📅  最后修改于: 2023-12-03 15:15:28.904000             🧑  作者: Mango
Hazm is a Python library for natural language processing tasks in Persian. It is developed by the Iranian National Science Foundation (INSF). The library includes components for tokenization, stemming, lemmatization, part-of-speech tagging, shallow parsing, and dependency parsing.
To install hazm
, simply use pip
:
pip install hazm
Tokenization is the process of splitting a text into words or subwords. Hazm provides a fast and comprehensive tokenizer for Persian.
from hazm import word_tokenize
text = 'من به مدرسه رفتهام.'
tokens = word_tokenize(text)
print(tokens)
Output:
['من', 'به', 'مدرسه', 'رفته\u200cام', '.']
Stemming is the process of reducing words to their stems, which are the base or root forms of the words. Hazm supports the Paice-Husk algorithm for stemming in Persian.
from hazm import Stemmer
stemmer = Stemmer()
word = 'روزههای'
stemmed_word = stemmer.stem(word)
print(stemmed_word)
Output:
'روز'
Lemmatization is the process of reducing words to their dictionary or canonical form. Hazm provides a Pythonic lemmatizer called the Lemmatizer
.
from hazm import Lemmatizer
lemmatizer = Lemmatizer()
word = 'پسران'
lemmatized_word = lemmatizer.lemmatize(word)
print(lemmatized_word)
Output:
'پسر'
Part-of-speech (POS) tagging is the process of assigning a grammatical category to each word in a text. Hazm provides a part-of-speech tagger based on the Hidden Markov Model (HMM).
from hazm import POSTagger
tagger = POSTagger()
text = 'بهار به خود آمد.'
tagged_text = tagger.tag(word_tokenize(text))
print(tagged_text)
Output:
[('بهار', 'N'), ('به', 'P'), ('خود', 'PRO'), ('آمد', 'V')]
Shallow parsing is the process of identifying phrases in a sentence, such as noun phrases and verb phrases. Hazm provides a shallow parser based on the regular expressions.
from hazm import Chunker
chunker = Chunker()
text = 'من به مدرسه رفتهام.'
tree = chunker.parse(tagged_text)
print(tree)
Output:
[Tree('NP', [('من', 'PRO')]), Tree('PP', [('به', 'P'), ('مدرسه', 'N')]), Tree('VP', [('رفته\u200cام', 'V')])]

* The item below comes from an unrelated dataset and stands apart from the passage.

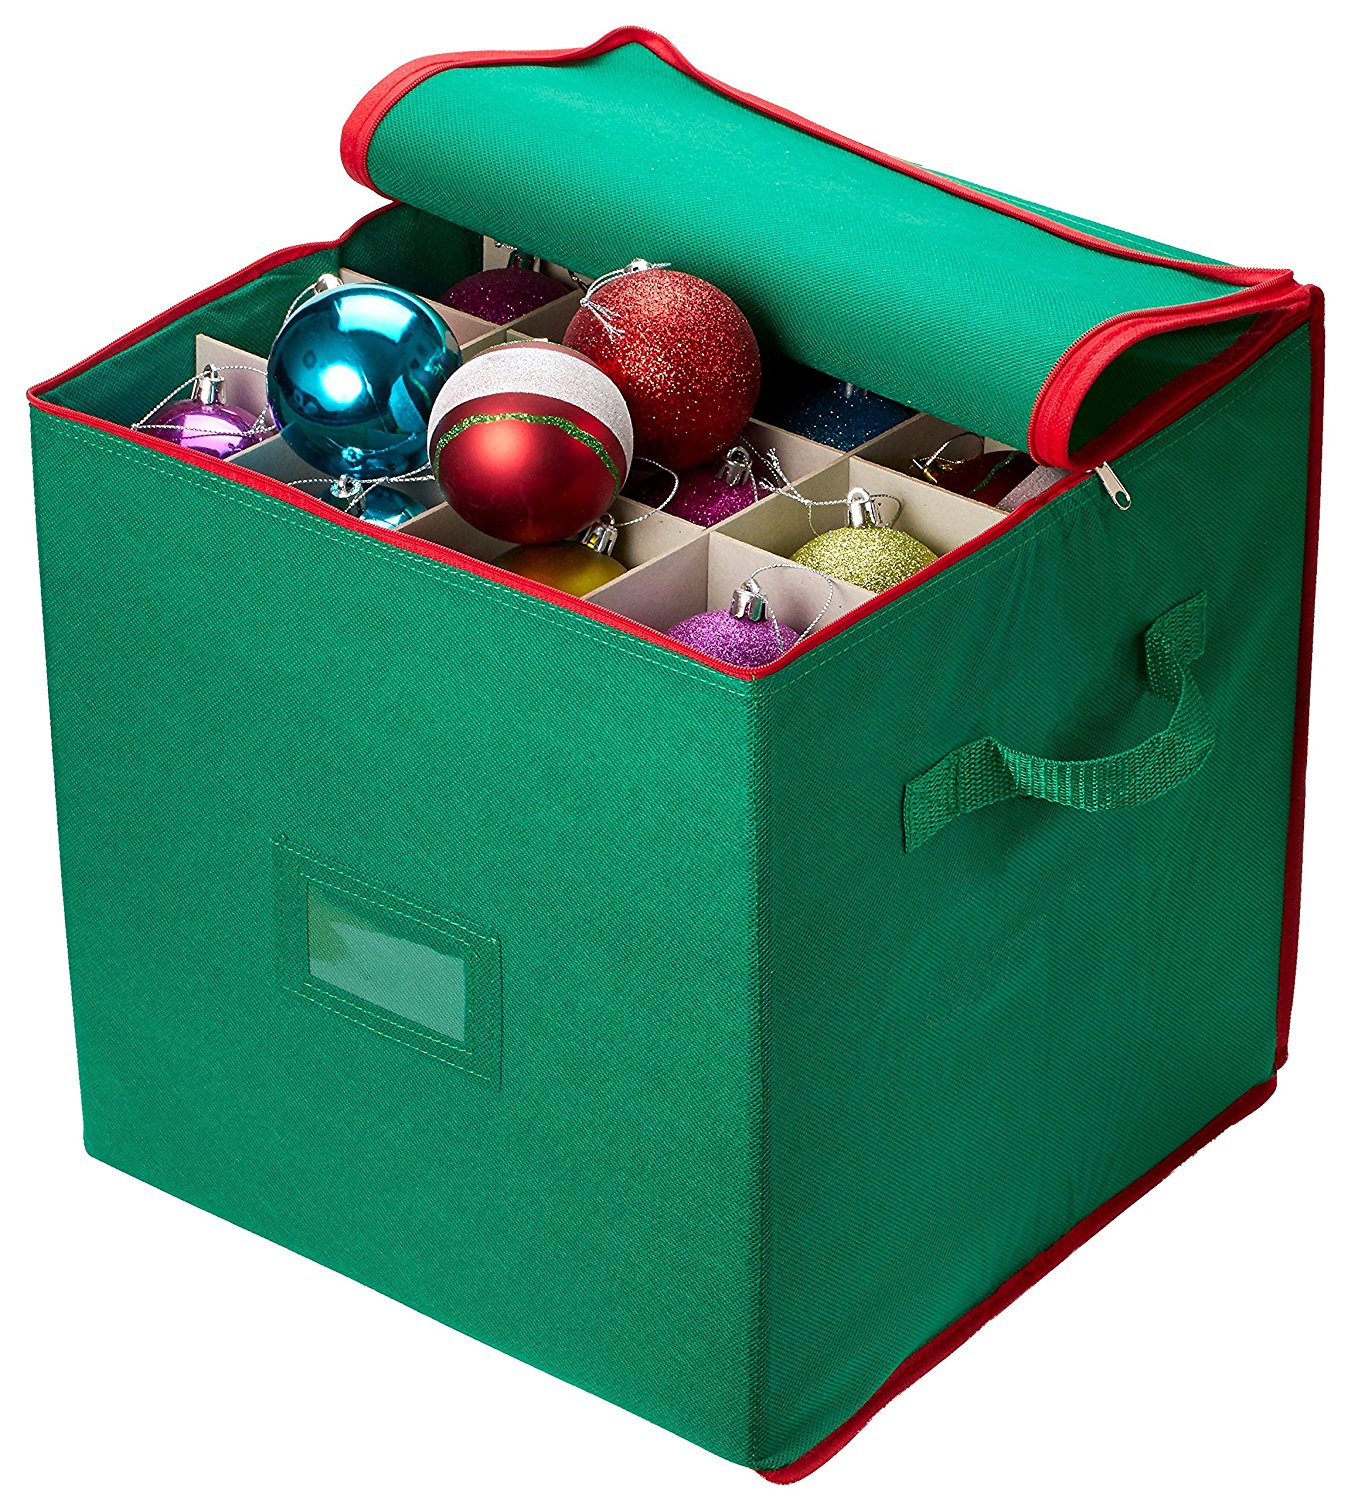 Christmas Ornament Storage - Stores up to 64 Holiday Ornaments, Adjustable  Dividers, Covered Top, Two Handles. Attractive Storage Box Keeps Holiday  Decorations Clean and Dry for Next Season. (Green)
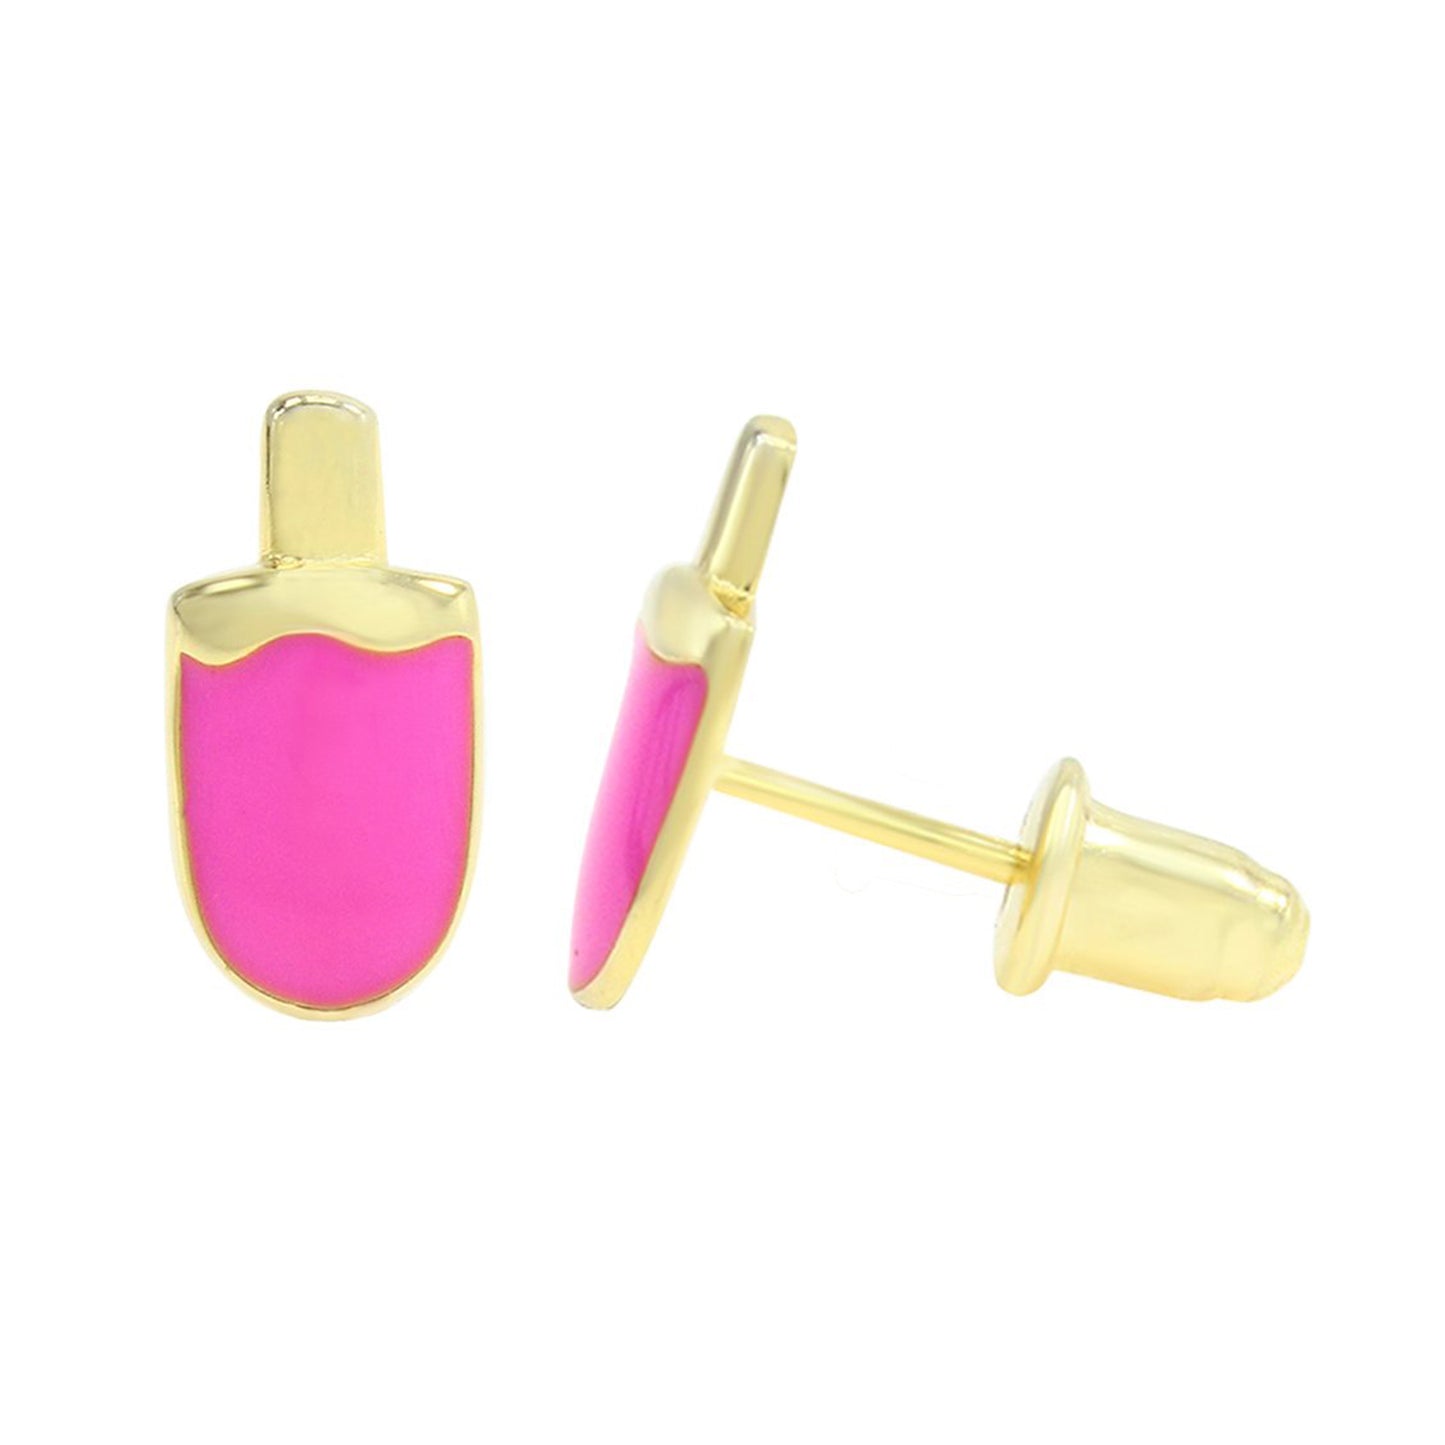 Load image into Gallery viewer, Jewelry Candy Ice Cream Pink Enamel Stud Earrings In 925 Over Sterling Silver

Dependency parsing is the process of identifying the grammatical relationships between words in a sentence. Hazm provides a dependency parser based on the Stanford dependency format.
from hazm import DependencyParser
parser = DependencyParser()
text = 'من به مدرسه رفتهام.'
tree = parser.parse(tagged_text)
print(tree.tree())
Output:
(ROOT
(sent
(NP (PRO من))
(VP (V رفتهام) (PP (P به) (NP (N مدرسه)))) (. .)))
Hazm is a powerful natural language processing library for Persian text. It includes a comprehensive set of features for tokenization, stemming, lemmatization, part-of-speech tagging, shallow parsing, and dependency parsing. Hazm is easy to install and use, and can be a valuable tool for programmers working with Persian language data.